Python binding means that if you try to import jellyfish from a python script (the code is: import jellyfish), that will work and you will be able to invoke Jellyfish program from python. If the installation steps mentioned above does not bind with python, (although the documentation of Jellyfish does say that this should): you may try the swig binding instructions from https://github.com/gmarcais/Jellyfish/blob/master/swig/Readme.md).

cd swig/python
python setup.py build
python setup.py install --prefix=$PREFIX
  • Bowtie2: You can install this with With Bioconda. With Bioconda installed, you should be able to install Bowtie 2 with conda install bowtie2. Details are found here: http://bowtie-bio.sourceforge.net/bowtie2/manual.shtml#obtaining-bowtie-2
  • Java: kRISP-mER uses Pilon to find a better sequence after seq reads are aligned to a base sequence. Pilon is run as a plain jar file. In order to check this requirement, you may want to test java --version and jre --version
  • numpy: Simple installation with pip: pip install numpy. You may also work with some package manager, such as anaconda, in which case numpy should come built in.
  • scipy: Simple installation with pip: pip install scipy. You may also work with some package manager, such as anaconda, in which case scipy should come built in.
  • sklearn: If the package manager you are using does not already have scikit-learn installed, you can install using pip install scikit-learn==0.16.1 (This very specific version is important to determine on target activity scores)
  • pickle: This python package is required to determine on-target-activity as well. This should already be installed in python 2 and 3. If not, you need to manually install this.

How to run

Once you have the dependencies installed, running kRISP-mER is easy. You need to:

  1. Download the github repository
  2. Locate your sequenced reads file (can be FASTA or FASTQ) and the target-region file (must be FASTA); these files can be anywhere on the filesystem
  3. Run the tool with the command: python krispmer.py <reads_filename> <target_filename> <num_mismatches> <output_file> after navigating to the directory containing the file krispmer.py The arguments, along with other options can be seen using python krispmer.py -h.

Note: You may be limited by your workstation resources. kRISP-mER works on sequenced reads by counting the k-mers using Jellyfish. If the reads file is very large, Jellyfish may be out of memory and kill the program. If that happens, you may want to increase the resources you have. kRISP-mER stores the Jellyfish binary file and uses that to calculate the gRNA scores. Therefore, you have to make sure that the workstation filesystem has enough free storage to store this binary file (whose size depends on the size of the sequenced reads).

Options available in kRISP-mER

Usage:

python krispmer.py [-h] [-p] [-e] [-s] [-v] [-t] [-n] [-c CUTOFF_SCORE] [-g GENOME] [-a ALTPAMS [ALTPAMS ...]]
                   <reads_file> <target_file> <output_file> <max_hd>

kRISP-mER allows you to design guide RNAs with WGS shotgun reads (in a FASTA or FASTQ file), and a target-region (a FASTA file).
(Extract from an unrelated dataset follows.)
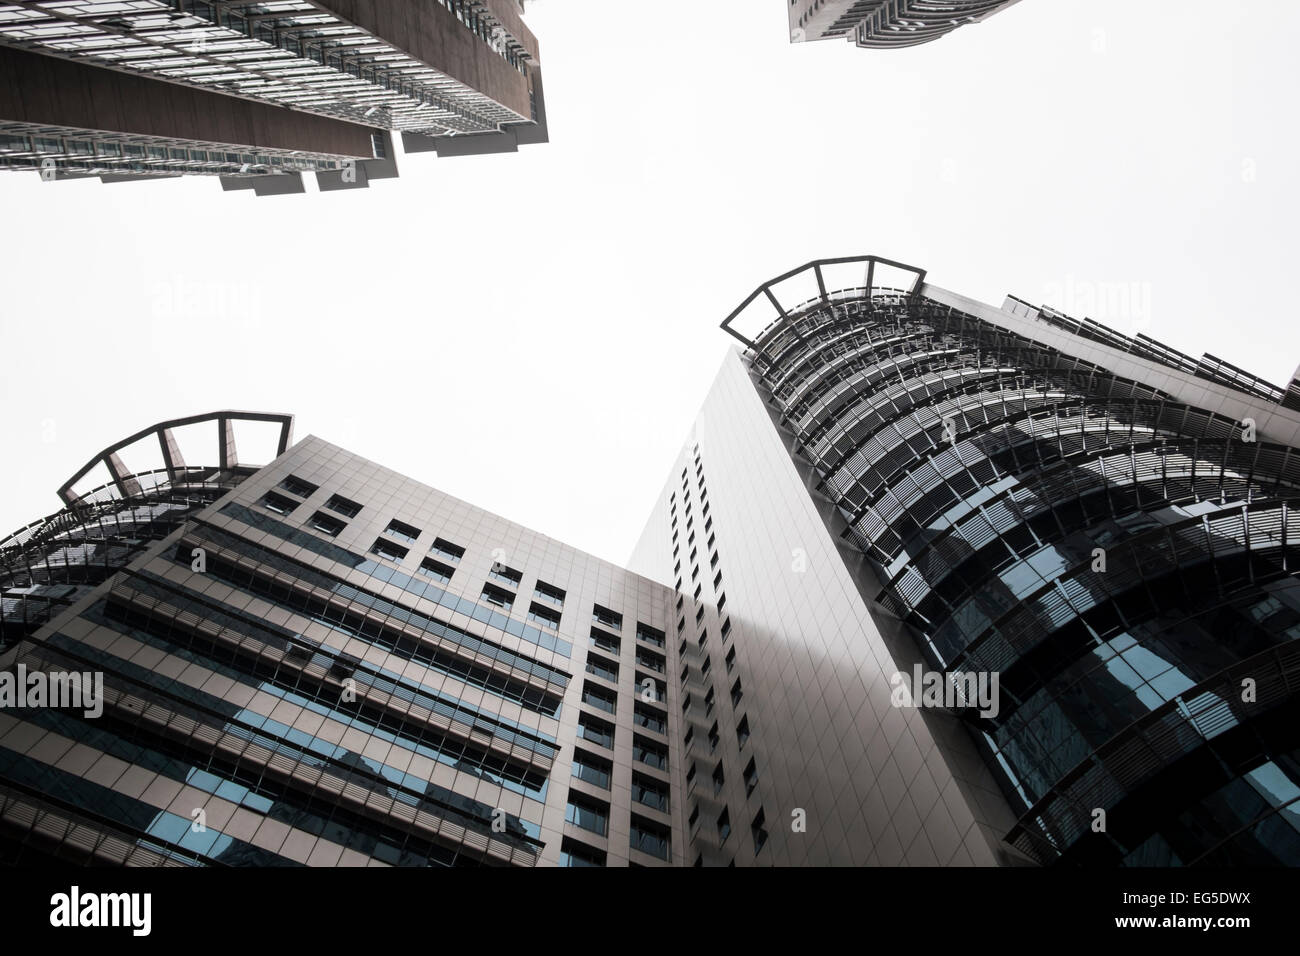 modern-architecture-in-kl-sentral-area-o

With these two, you also have to tell the program the number of mismatches to consider when designing a gRNA. kRISP-mER allows upto 3 mismatches. kRISP-mER does not consider indels (like other established gRNA designing tools). You also have to tell the program the name of the output csv file, where the gRNAs along with their inverted specificity scores and strand information is to be stored.

Besides these four positional (mandatory) arguments, you can also do the following.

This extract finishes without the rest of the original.